Nun zu deiner Frage:
viele behaupten das er mindesten 70 cm tief sein sollte aber meiner Meinung nach min. 1,20m besser 1,50m
Aber erzähl doch erstmal mehr über dein Vorhaben...
Hast du schon unser Basiswissen entdeckt?  https://www.hobby-gartenteich.de/xf/forums/72/
Hier gibt es viele wichtige Beiträge zum Thema Teichbau.... viel Spaß bei uns


----------



## derschwarzepeter (14. März 2011)

*AW: Wie tief muss ein Teich für Goldis sein?*

Der Robert weiss, wovon er spricht:
Man dimensioniert Lebensräume für Lebewesen nicht so,
dass sie so gerade eben mit Ach und Krach überleben werden,
wenn der Winter nicht zufällig grimmiger als ein durchschnittlicher ausfällt.
Die größere Wassertiefe hat auch nicht zuletzt ein größeres Volumen zur Folge,
das den Teich in ALLEN Belangen stabiler und besser für Fische geeignet macht.
Nachdem es ja nicht NUR Goldfische oder Koi gibt, die man in seinen Teich setzen kann,
sondern eine Vielzahl anderer interessanter Lebewesen, die auch in flachen Gewässern prima zurechtkommen,
ist man da ja nicht unbedingt drauf angewiesen, tiefer zu buddeln.


----------



## Limnos (14. März 2011)

*AW: Wie tief muss ein Teich für Goldis sein?*

Hi

Das ist im Prinzip richtig, aber man sollte auch bedenken, dass das Entschlammen bei einer Tiefe über einen Meter deutlich schwieriger wird, und dass es im Frühjahr länger dauert bis ein großes Wasservolumen sich so weit erwärmt hat, dass es wieder los geht. Ein verschlammter Teich setzt übrigens beträchtliche Mengen von Methan frei, die als Treibhausgas etwa 20 Mal so stark zur globalen Erwärmung beitragen wie die gleiche Menge CO2.

MfG.
Wolfgang


----------



## derschwarzepeter (15. März 2011)

*AW: Wie tief muss ein Teich für Goldis sein?*

Das stimmt schon, 
aber wenn man das so sieht,
wäre ein Vogerlbad NOCH leichter zu reinigen
und die globale Erwärmung fördert DAS überhaupt nicht. 
Nachdem kein natürlicher Seer regelmäßig entschlammt wird,
sollte man doch überlegen, die zur Erreichung der Klimaschutzziele 
und der Hygiene ehestmöglich bis auf eine Tiefe von 1 m zuzubetonieren.


----------



## sonnenblume22 (15. März 2011)

*AW: Wie tief muss ein Teich für Goldis sein?*

Ich würde auch eher zu 120cm raten.

Bedenke auch, dass man für Goldis auch viele Pflanzen im Teich haben sollte. Hier noch ein paar Basisinfos zu Goldfischen. Allerdings würde ich dir ein gute Buch zum Thema Teich und Teichfische empfehlen. Das ist nie verkehrt.


----------



## Regs (15. März 2011)

*AW: Wie tief muss ein Teich für Goldis sein?*

Hallo,
bei der Tiefe kommt es darauf an, dass der Teich auch im Winter noch komfortabel viel nicht gefrorenes Wasser bietet. Mit großen Goldfischen um 30 cm solltest Du eine Teichtiefe von mindestens einem Meter ins Auge fassen - falls möglich ruhig auch tiefer baggern. Die Tiere haben dann auch in kalten Wintern genügend viel Platz unter dem Eis. Was planst Du denn?

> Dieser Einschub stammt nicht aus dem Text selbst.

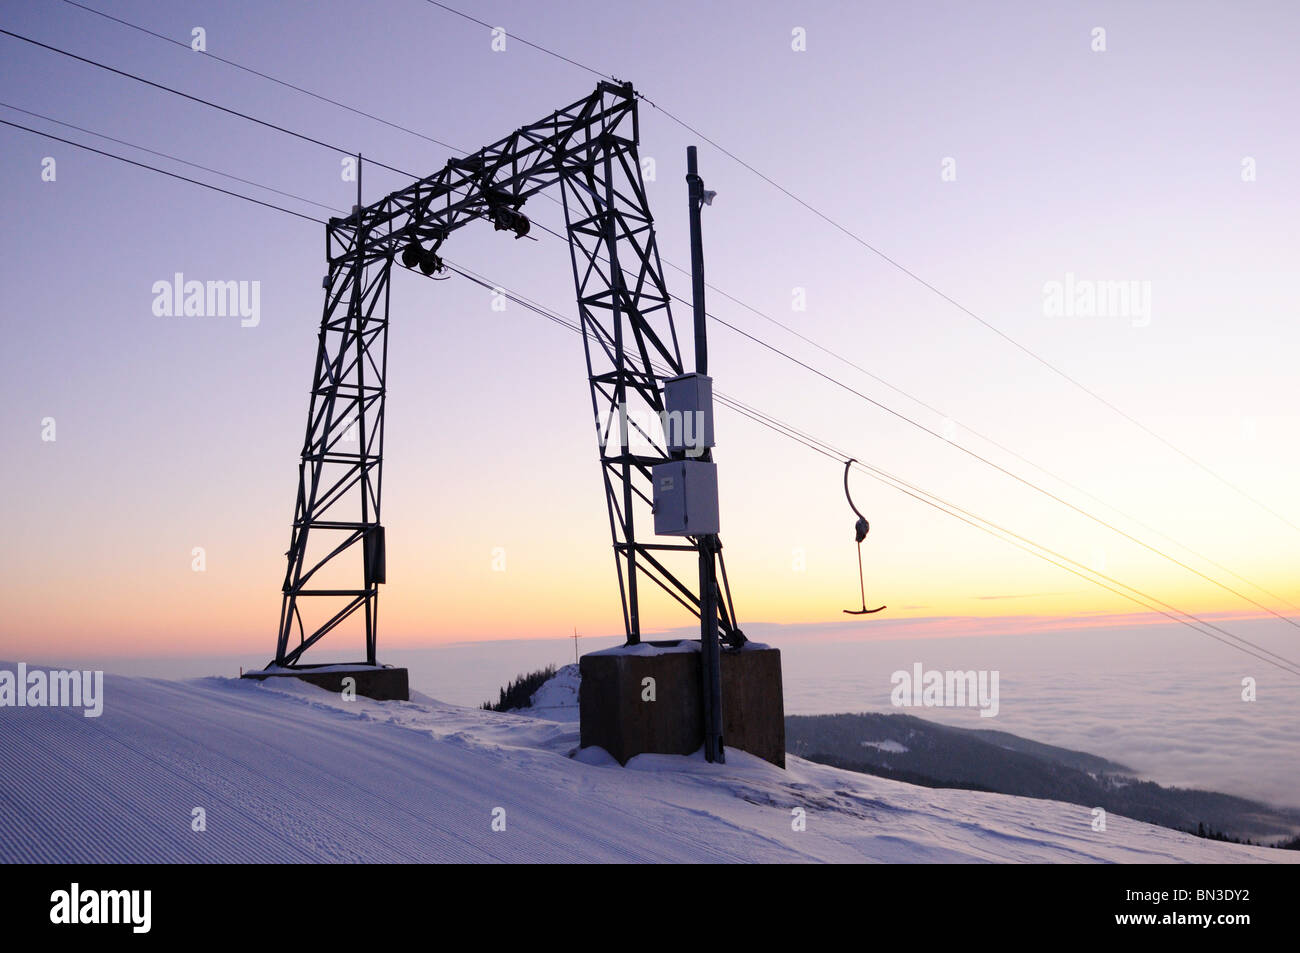 Ski lift, Styria, Austria, low angle view Stock Photo

Den von Sonnenblume22 verlinkten Artikel finde ich nicht empfehlenswert. Teich-Goldfische haben in Aquarien nichts zu suchen, wenn sie gesund sind - dazu werden sie mit bis zu 35 cm entschieden zu groß. Die Tiere können auch problemlos draußen überwintern - vorausgesetzt die Teichtiefe ist ok, der Teich wird belüftet und der Bodengrund ist weitgehend frei von faulenden Pflanzenteilen und Blättern.


----------